Just 80.6 per cent of first-class mail in the county was delivered the next day in the last financial year, against Royal Mail's national target of 93 per cent.

The league table, released yesterday, shows only south-west London, Colchester and Stoke-on-Trent mail delivery was worse.

Last night Royal Mail blamed the poor performance on the national and local industrial action last summer.

The figures are calculated from 88,500 sample letters, parcels and packets sent nationally every month to 6,000 addresses.

During the second quarter of 2007/8, in which postal workers went on strike, the amount of first-class mail delivered on time in the OX postcode dropped to just 67.7 per cent.

In the third quarter, that figure rose to 74.8 per cent and again to 92.1 per cent in the final quarter of the year.

Diana Gough, whose late husband Desmond was an Oxford postman for 42 years, said she believed the standard of service in the county was continuing to fall.

The 65-year-old, of Mill Street, Eynsham, said: "I am not surprised it is the fourth worst in the country. I think it is getting even worse, and the deliveries are coming later and later.

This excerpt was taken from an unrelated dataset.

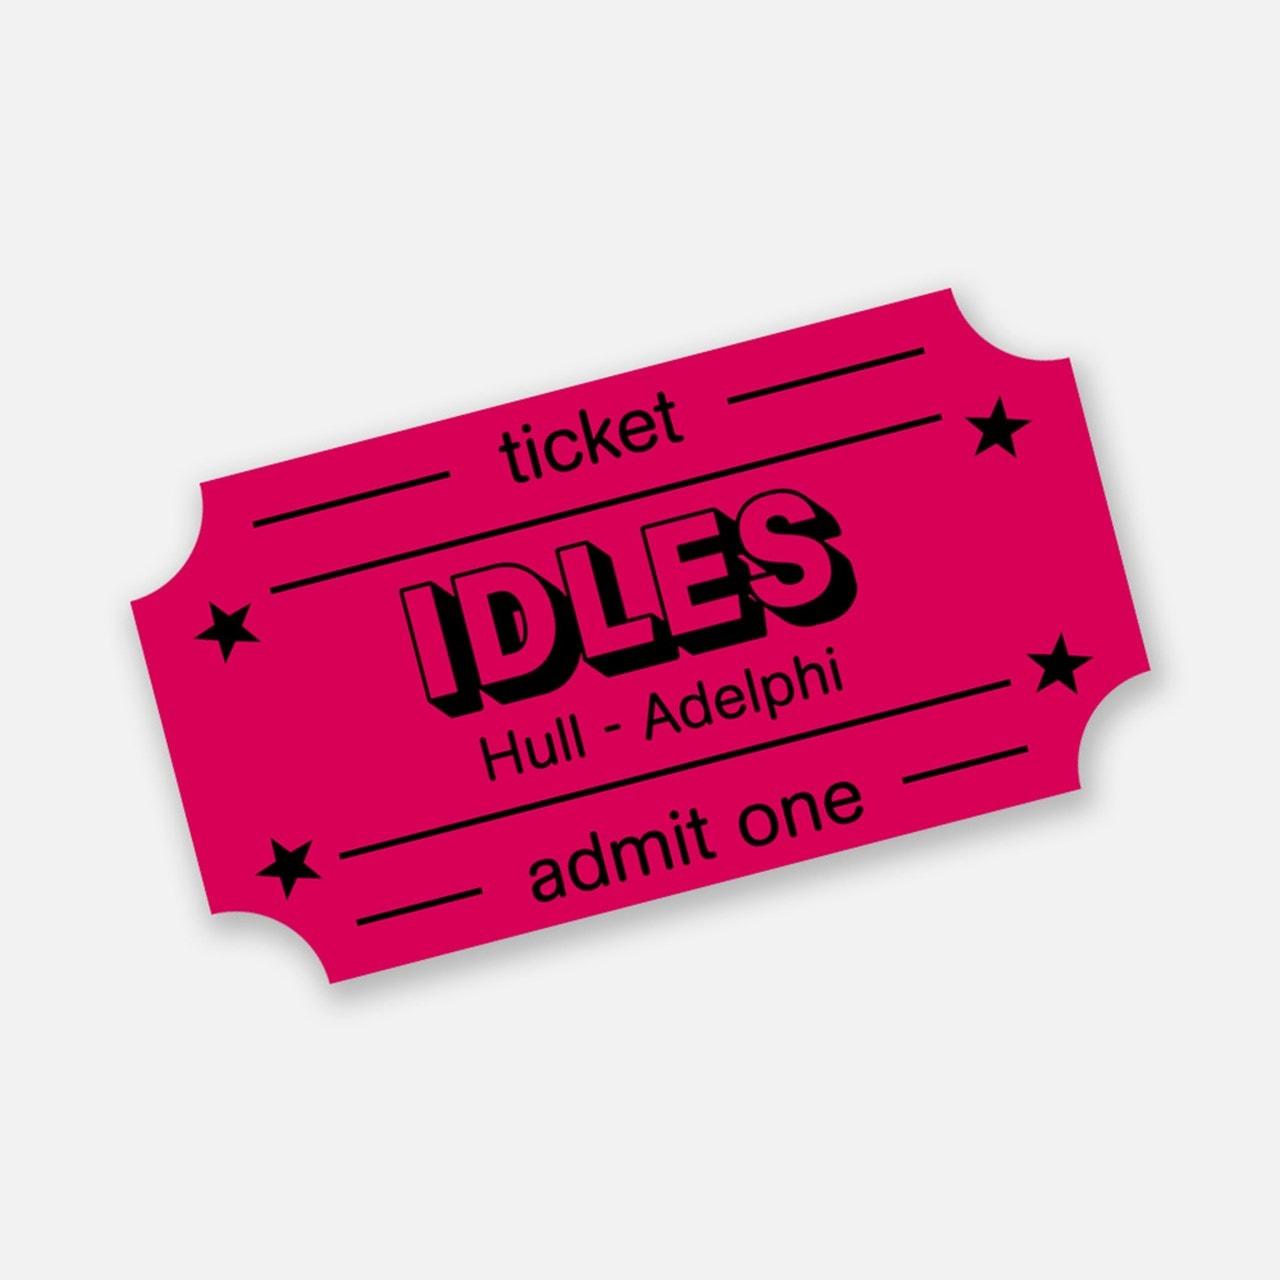 Idles - Ultra Mono - Hull Adelphi e-Ticket - 1

"It is now very rare to get post before 11am or noon, which is a bad service. They used to stamp the letters with when they were posted, but they do not do that now, so it is difficult to tell how long it is taking.

"I have seen no improvement recently whatsoever."

Richard Groves, who runs a mail-order silks firm from Merrivale Square, Oxford, said: "I would have to agree with that (Oxford's poor ranking).

"This month we had an occasion where we sent something by special delivery which was very important for us.

"It was supposed to be guaranteed to arrive the next day but it was held up in the Leeds office for two days without an explanation.

"Our customer missed a mail order to Italy, so it screwed things up all down the line.

"We spend a lot of money with the Post Office and we are a little bit trapped."

Najma Hafeez, chairman of the Midlands branch of consumer watchdog Postwatch, said: "Royal Mail's recovery was severely blown off course by last summer's strikes.

"The figures confirm that customers received poor levels of service. Furthermore, the fourth-quarter results show that Royal Mail's recovery from the industrial action was in some respects disappointingly slow."

Royal Mail spokeswoman Jane Thomas said: "The national industrial action last year, combined with an unofficial dispute in Oxford, damaged services for postal customers in the area.

"However, the 2007-08 report also shows that the performance for first-class mail in Oxford had recovered to 92.1 per cent of mail delivered next day by March 2008."